How does one even get employed by an advertising agency? Most models spend years trying to land a lucrative deal that puts them in front of millions of people. All Sintra Bronte had to do was stay at a hotel. While staying at Kingston’s Pegasus Hotel in the early '70s, the 26-year-old Trinidadian model was spotted by members of the advertising agency working for Jamaica's tourism board. They hired her on the spot.
A seven hour shoot
It only took seven hours to take the perfect photo of Bronte in a wet t-shirt emblazoned with the word "Jamaica." But it wasn't just this one shot that made everyone talk, she was also featured in a commercial for the island destination that shows her in the same shirt, likely taken at the same photo shoot. The entire process was a whirlwind for Bronte. In 2015, while speaking with her niece about the shoot she explained that becoming the focal point of Jamaica's tourism board wasn't what she expected:
I just thought it would be a regular ad. It took seven and a half hours to make at Frenchman’s Beach in Port Antonio. Seven and a half hours to complete and I suppose at that time I was young….that was 43 years ago. I was 26 years old.
The photo made its way onto posters around the world, enticing tourists to pack their bags and plan a trip to the Caribbean. The image is incredibly arresting, not just because there's a hot woman in a wet t-shirt, but Bronte has a fascinating look that's impossible to ignore. As if she weren't enough, there's an erotic quality to the colors of the image, almost as if it was pulled from a late night movie on Cinemax.
Did the poster work?
Jamaica's tourism figures throughout the 1970s aren't readily available online so it's hard to parse exactly how well the poster did its job. However, in 1987, the New York Times wrote an article about Jamaica's fluctuating tourism market that refers to the early '70s as a rough time in on the Caribbean island for tourism.
The local government was in turmoil throughout the '70s, making it dangerous for people to travel to the country. Still, the tourism board hoped to bring people in with the poster in order to give the island some much needed cash.
It wasn't until the early '80s that Jamaica began making headway with tourism, but this image has stuck itself in the public consciousness for years so it must have done something right in order to avoid the stigma of the early '70s on the island. As troubled as the early '70s were in Jamaica, the tourism board knew that it needed to sell the idea of hot babes and sun drenched locales. This ad may not have increased tourism immediately, but they created an unforgettable image.

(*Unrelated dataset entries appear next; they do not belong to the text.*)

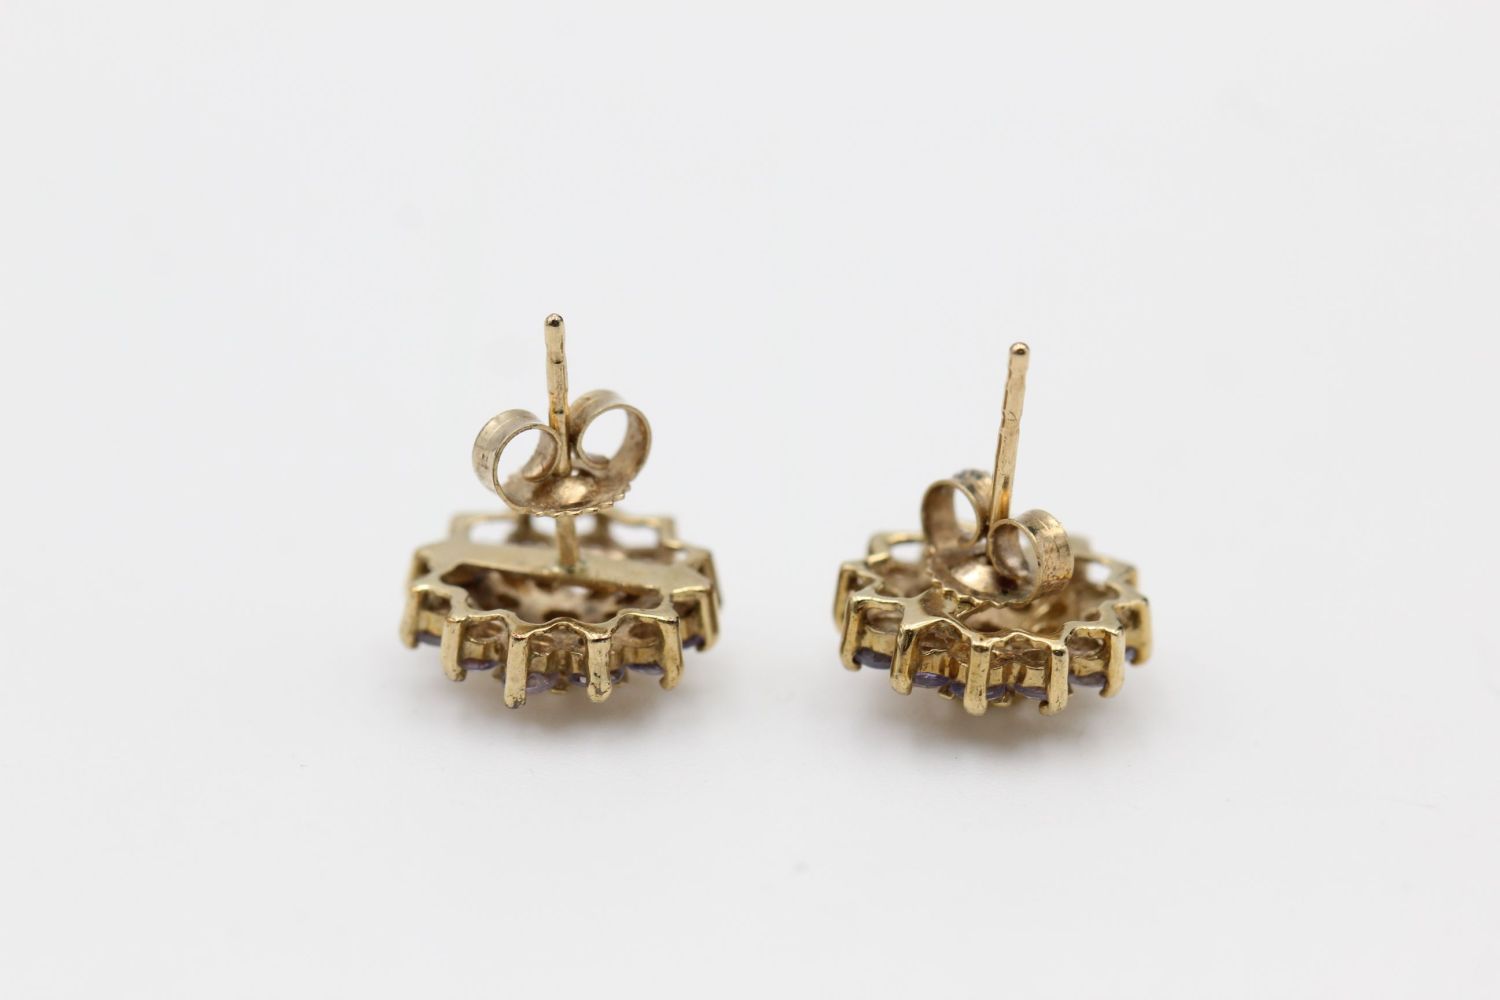 9ct gold diamond & lolite cluster earrings 2.3 grams gross - Image 3 of 4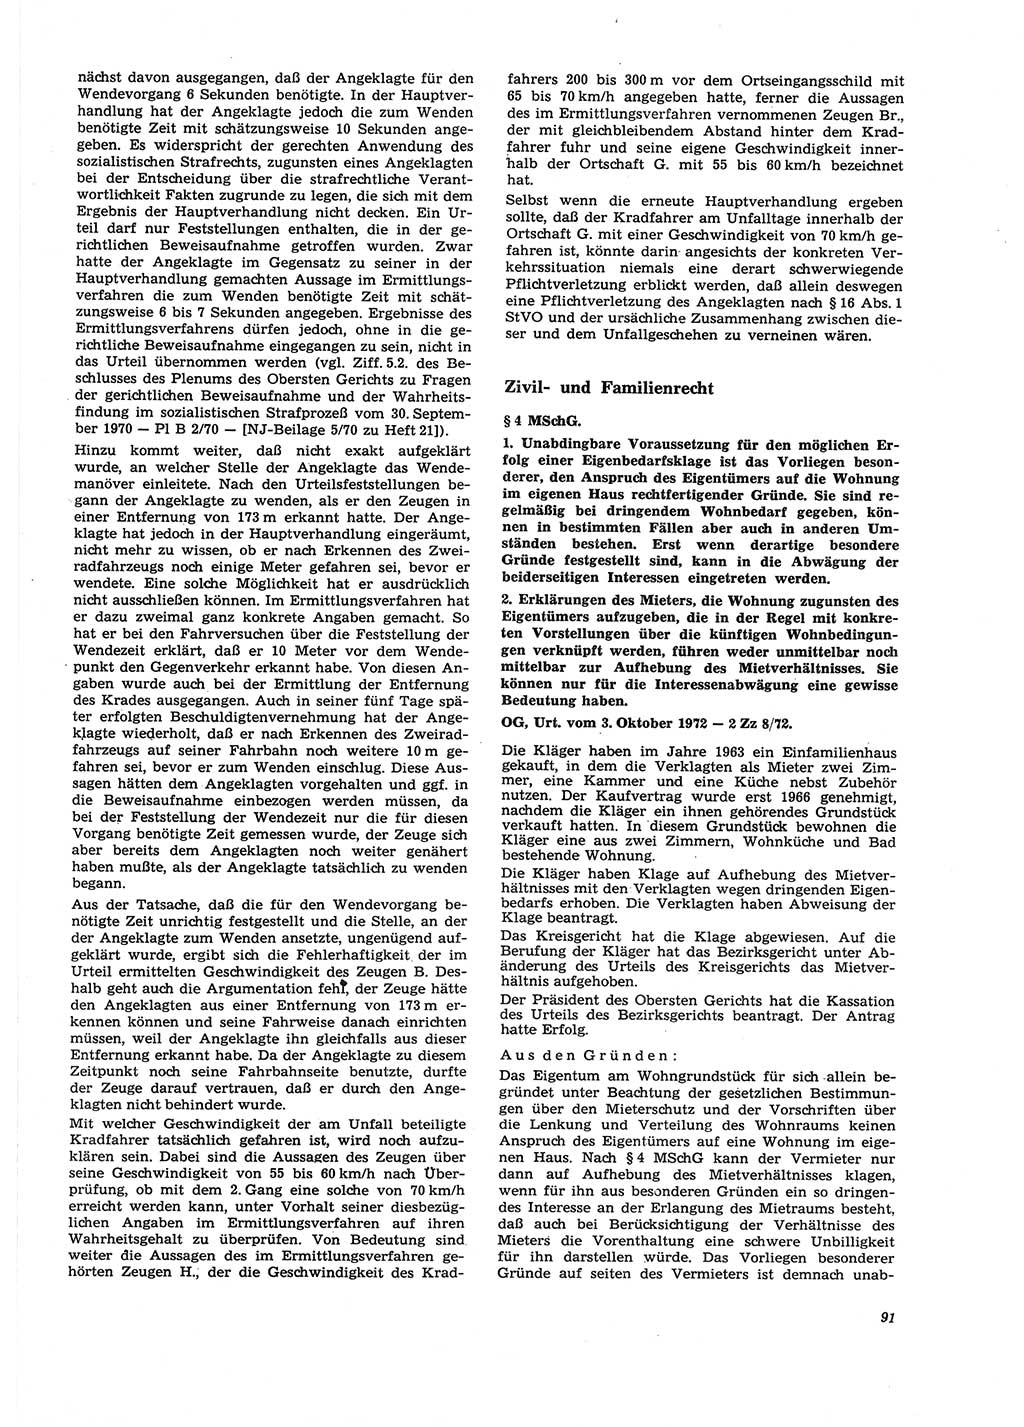 Neue Justiz (NJ), Zeitschrift für Recht und Rechtswissenschaft [Deutsche Demokratische Republik (DDR)], 27. Jahrgang 1973, Seite 91 (NJ DDR 1973, S. 91)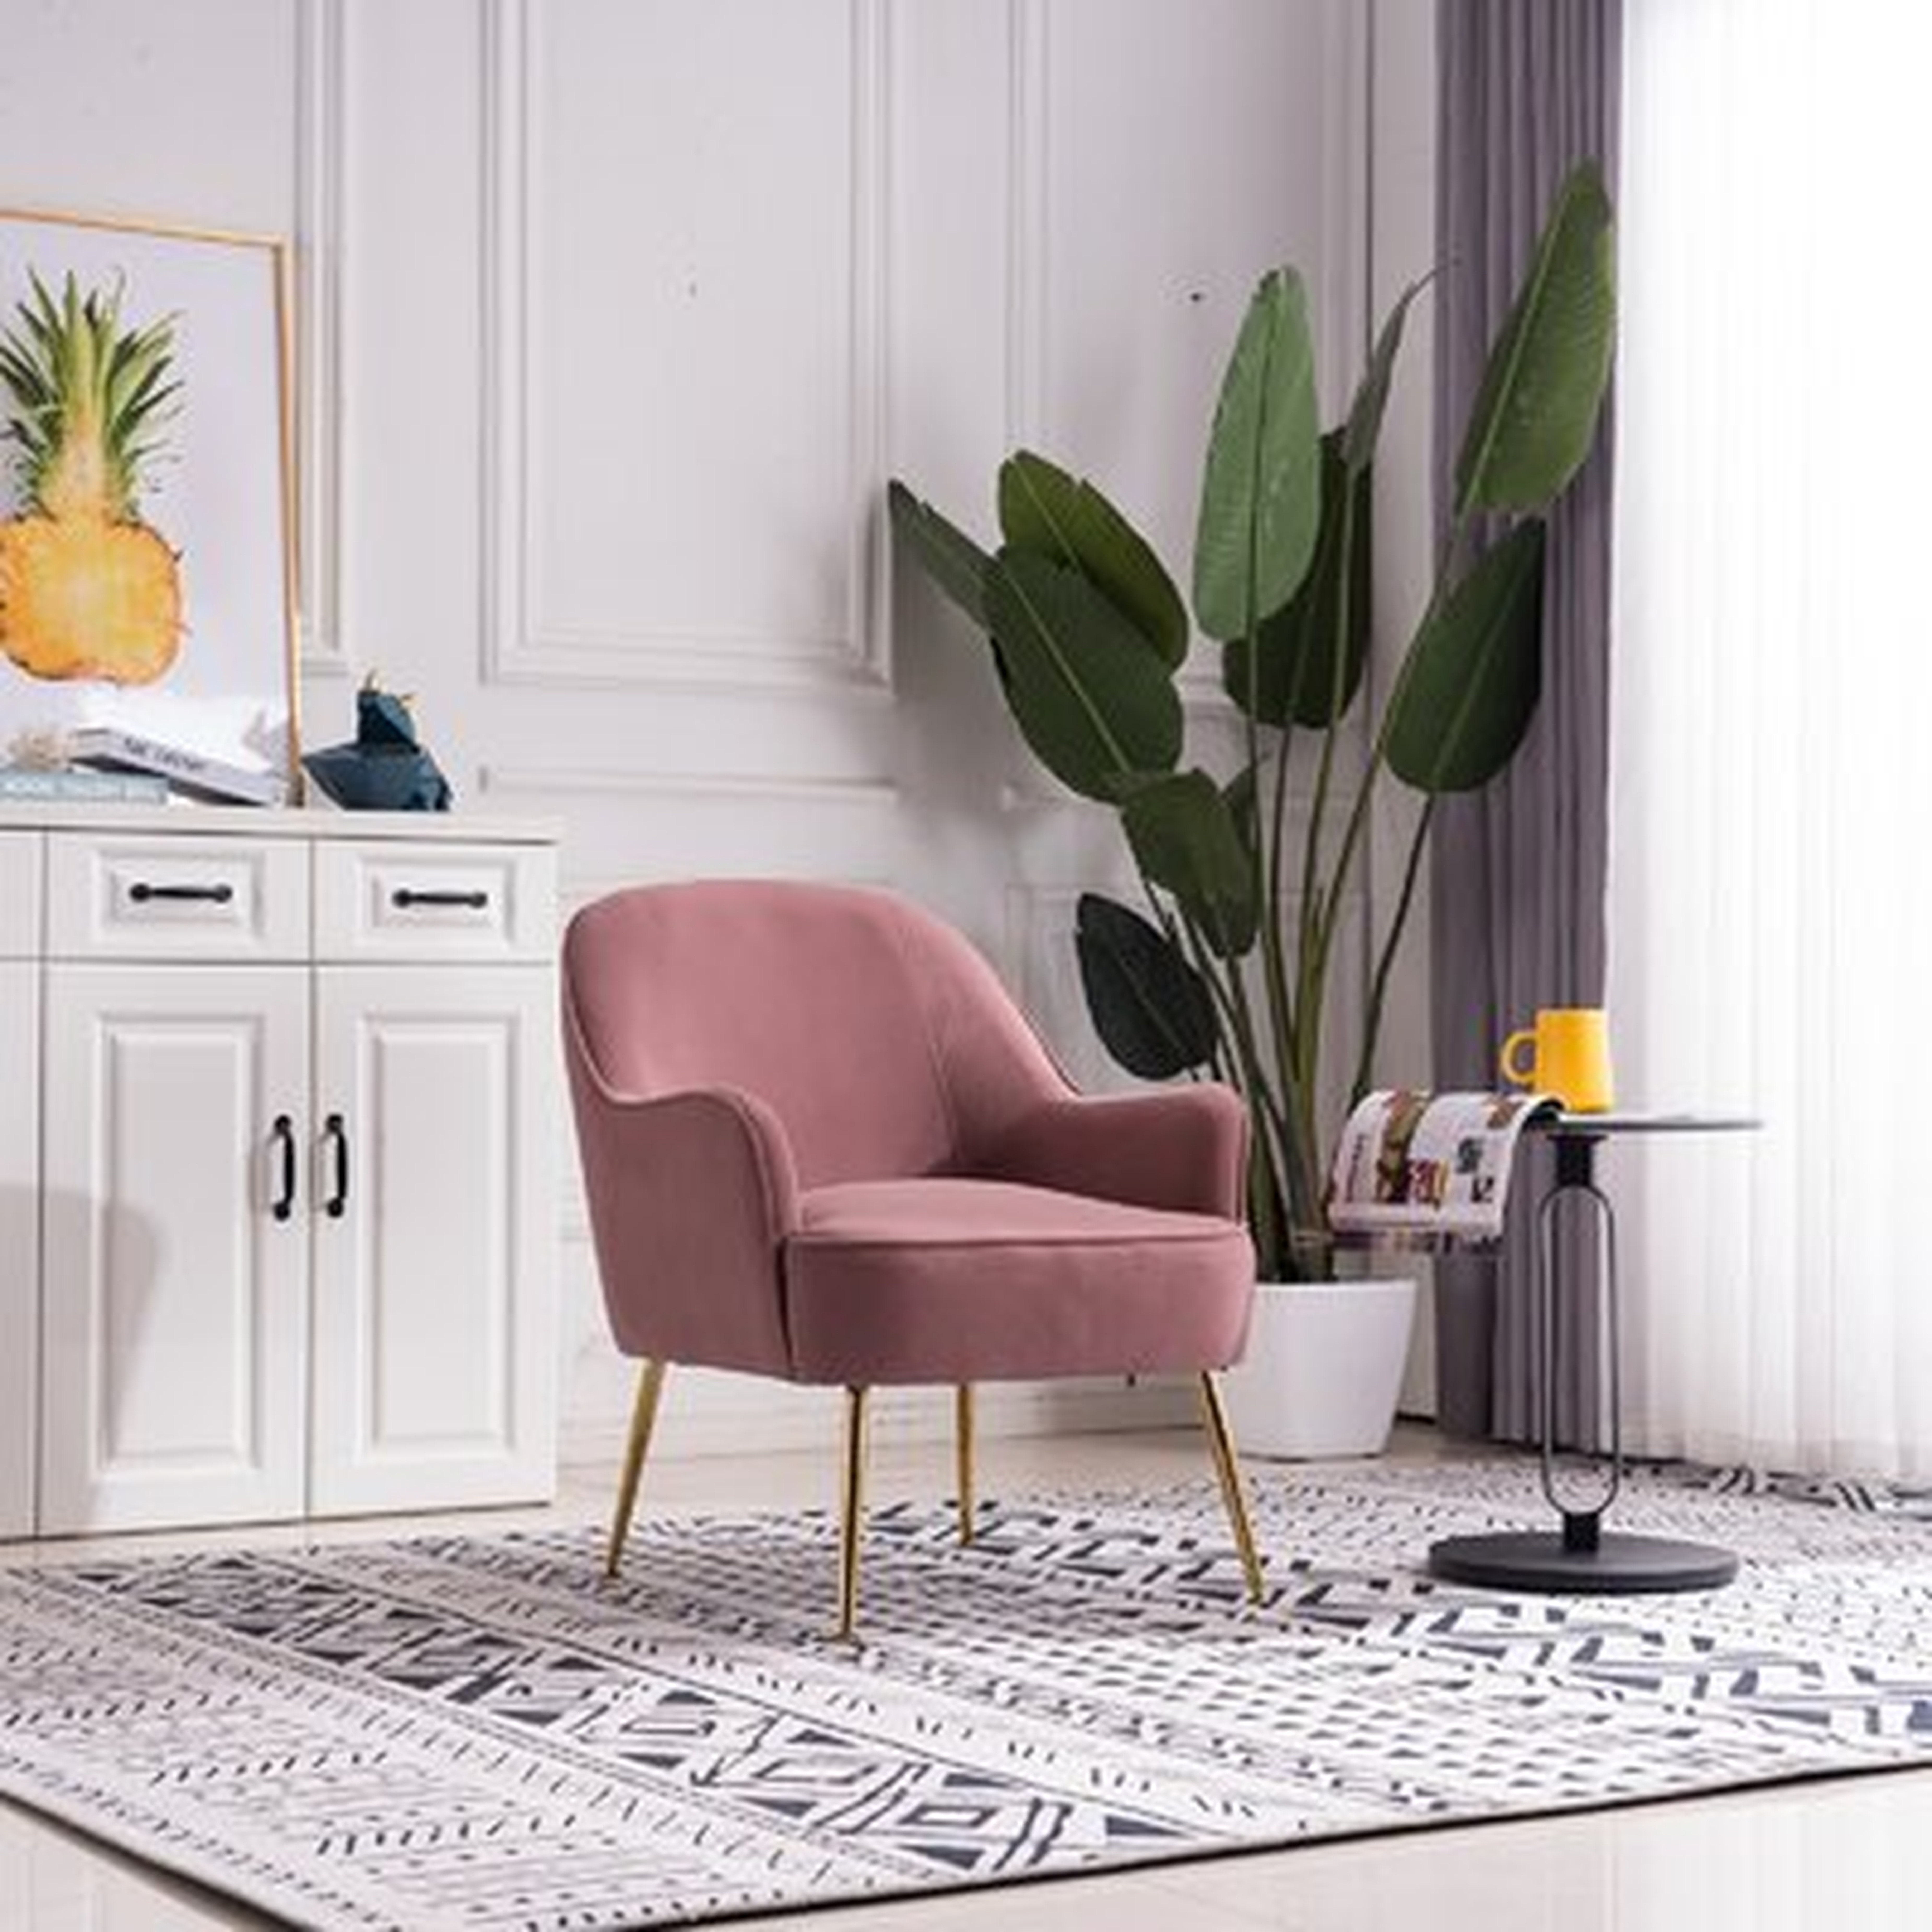 Modern Soft Ergonomics Accent Chair Living Room Chair With Gold Legs - Wayfair

Alicia Keys Recreated The Photo In 2015
As unforgettable as the Jamaica image is, it's not without controversy. Many Jamaicans feel that that by using a non Jamaican woman in an advertisement for the country. They're understandably frustrated that the advertising company didn't work with one of the many beautiful women from their country, and instead chose to work with a model of Trinidadian descent.
It's understandable that locals would be frustrated by this lapse in judgement. Even the explanation that the tourism board was trying to find a specific look doesn't help soothe any wounds. Even when interest in the poster was reunited after Alicia Keys posted her own recreation of the poster on Instagram people were hurt to learn that Bronte wasn't from the island. At the time it may have made sense to hire someone who wasn't from Jamaica, but in hindsight it's not such a hot decision.
Jamaicans didn't love the ad but Bronte's okay with that
Sintra Bronte, who's since gone on to run her own travel company in Trinidad, understands the frustration but believes that the ad is much more encompassing of the Caribbean and not just Jamaica. In 2015, she explained:
I would hope the people who are seeing the pictures through their eyes would see them the right way, because I am a Caribbean woman. Whether I represent Trinidad, Jamaica, Barbados, Grenada – I represent beauty in the Caribbean. We are beautiful women, the way we think, the way we live, the way we enjoy life. We are a happy go lucky people. I am so proud to be a Caribbean woman.